Volume and Mass Dimension Predictions

The volume \( V_B \) of a branching network in space can be described as:

\[ V_B = \pi \sum_{k=0}^{N} n_k r_k^2 l_k \approx \gamma \xi^2 V_N \left( 1 - n^{-4/3} \right) V_N \]

Equation 11

where \( n_k \) is an arbitrary branching level, \( V_N \) is the total volume space occupied, and \( l_N \) is the length, while the branching ratios are given in Equation 10 (West et al. 2009).

Distinguishing the filled volume in which a branching network occupies is equivalent to:

\[ v_n \propto l_n^3 \]

In Euclidean space, this can be approximated by a sphere:

\[ v_n = \frac{4}{3} \pi l_n^{2/3} \]

Equation 12

This gives the total volume filled by the network as:

\[ V_{\text{net}} = n_k v_k \propto n_k l_k^3 \]

Equation 13

where the occupied volume \( V_{\text{net}} \) is preserved throughout and can be approximated at any arbitrary branching level \(k\) as \(V_{\text{net}} \propto n_k l_k^3\).

Differential Box-Counting Methodology

To derive the mass \( M_k \) of an individual by its branch volume \(V_B\), a non-fractal quantity is expressed as:

\[ V_B = v_i L^3 \]

Equation 14

where \(v_i\) is the volume in units of length \(L^3\). If we display a three-dimensional object in two dimensions, looking perpendicular to the principal axis of the network, the area \(A \approx V_{\text{net}}^{2/3}\) from Equation 7 can be expressed as:

\[ A \propto n^{2/3} l_N^{2} \]

Equation 15

Measuring such an object with boxes \( \varepsilon^2 \) of area becomes:

\[ A \propto V_B^{1/2} l_N^{3/2} r_N \propto L^{3/2} l_N^{3/2} r_N \]

Equation 16

The number of boxes required to measure the object is:

\[ N(\varepsilon) \propto \frac{A}{\varepsilon^2} \propto L^{3/2} l_N^{3/2} (\varepsilon r_N) \]

Equation 17

As \( \varepsilon \to 0 \), \( \dim \to 2 \), and for the smallest observed branch size, \( \varepsilon \), it becomes:

\[ N(\varepsilon) \propto \varepsilon^{3/2} \]

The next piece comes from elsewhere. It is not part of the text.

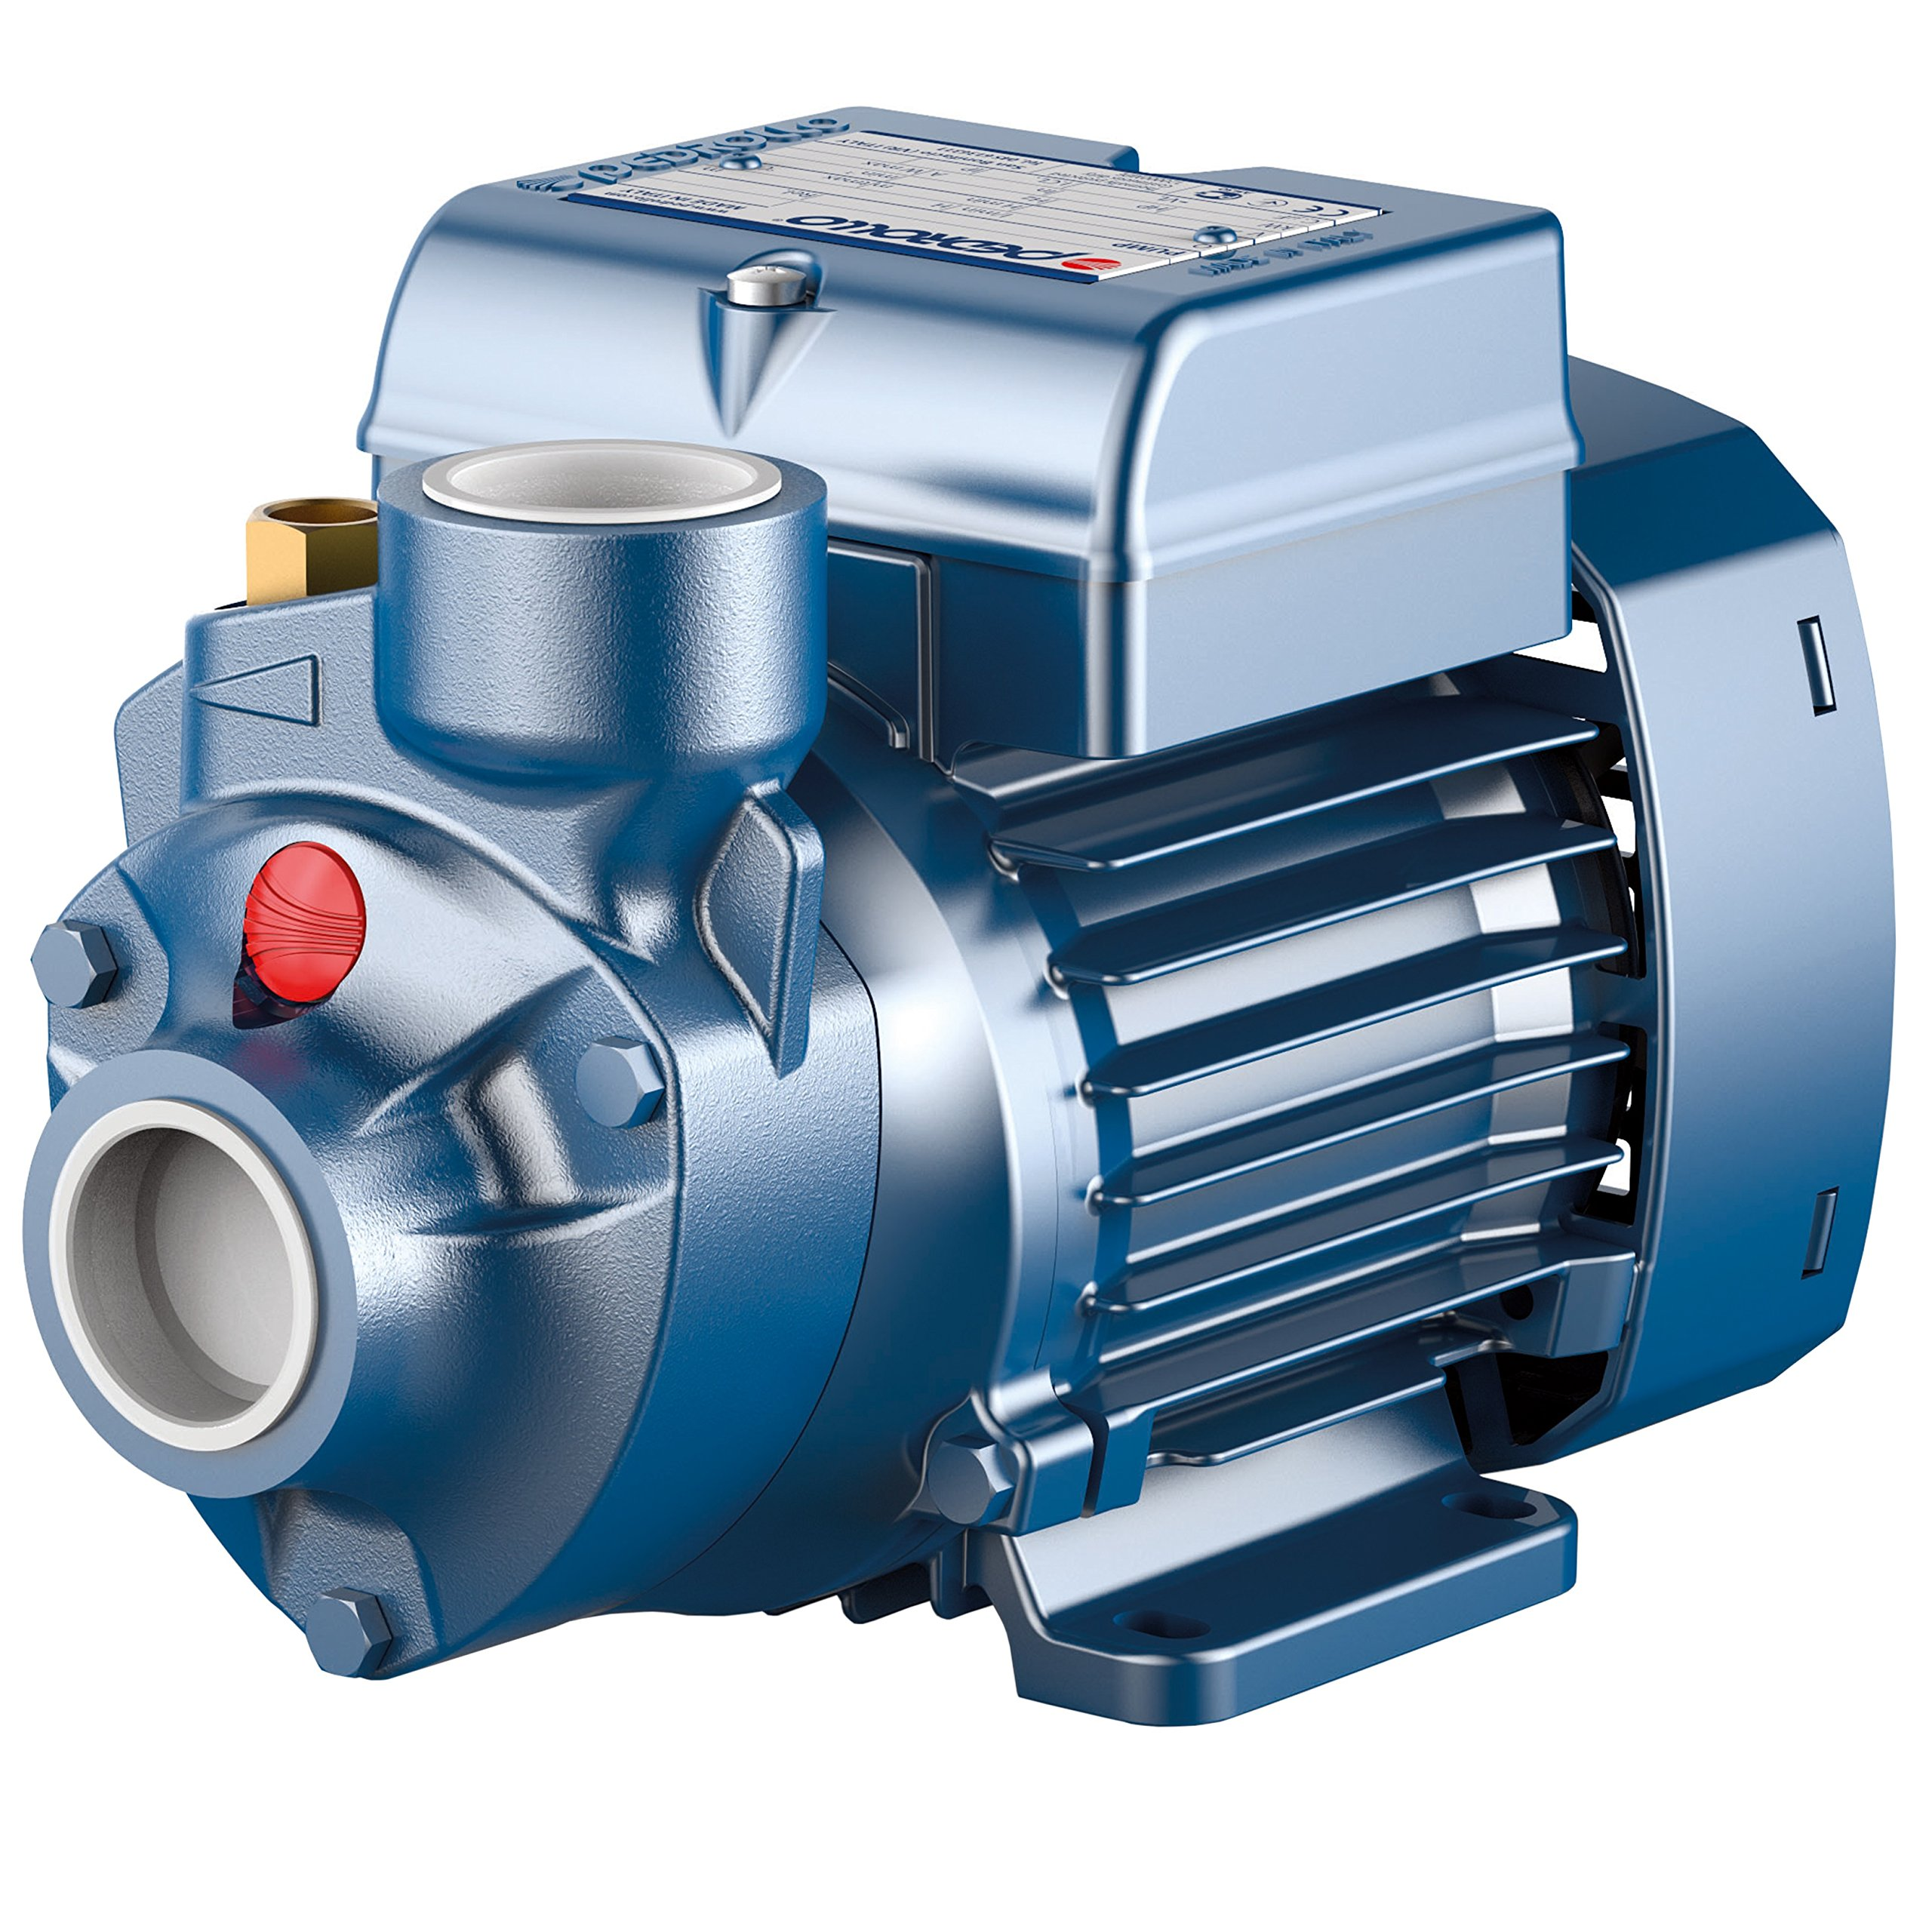 Pedrollo Booster Water Pump — 634 GPH, 1/2 HP, 115 Volts, Model# PKm60 by Pedrollo (Image #3)
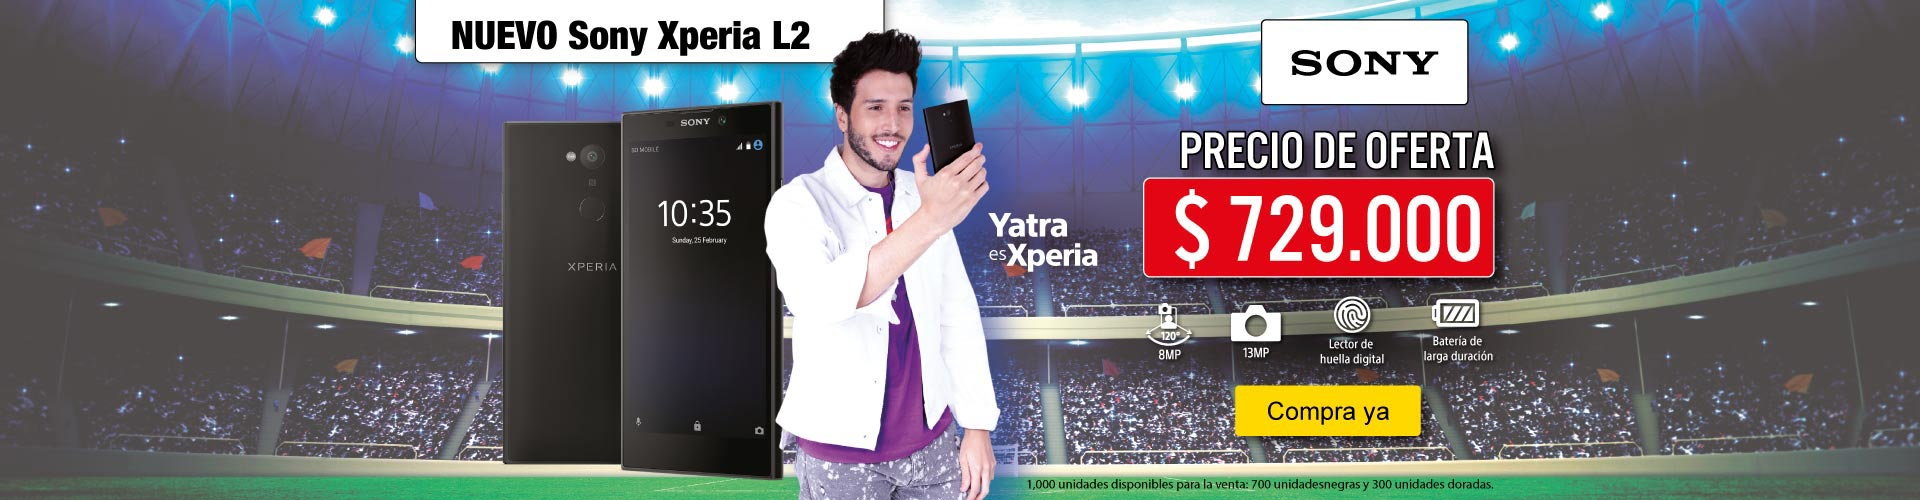 KT-PPAL-10-celulares-LNZ-EXPM-Sony-L2-Yatra-May26

revealing the fractal dimension of branching network volume to be \( d = \frac{3}{2} \) (West et al., unpublished).

FracLac Analysis Procedures

Images were analyzed using the open-source image analysis software FracLac for ImageJ. The fractal dimension was calculated using both regular box-counting and the differential box-count technique. For differential box-counting, a power series with an exponentially increasing box size factor of 0.1 was used.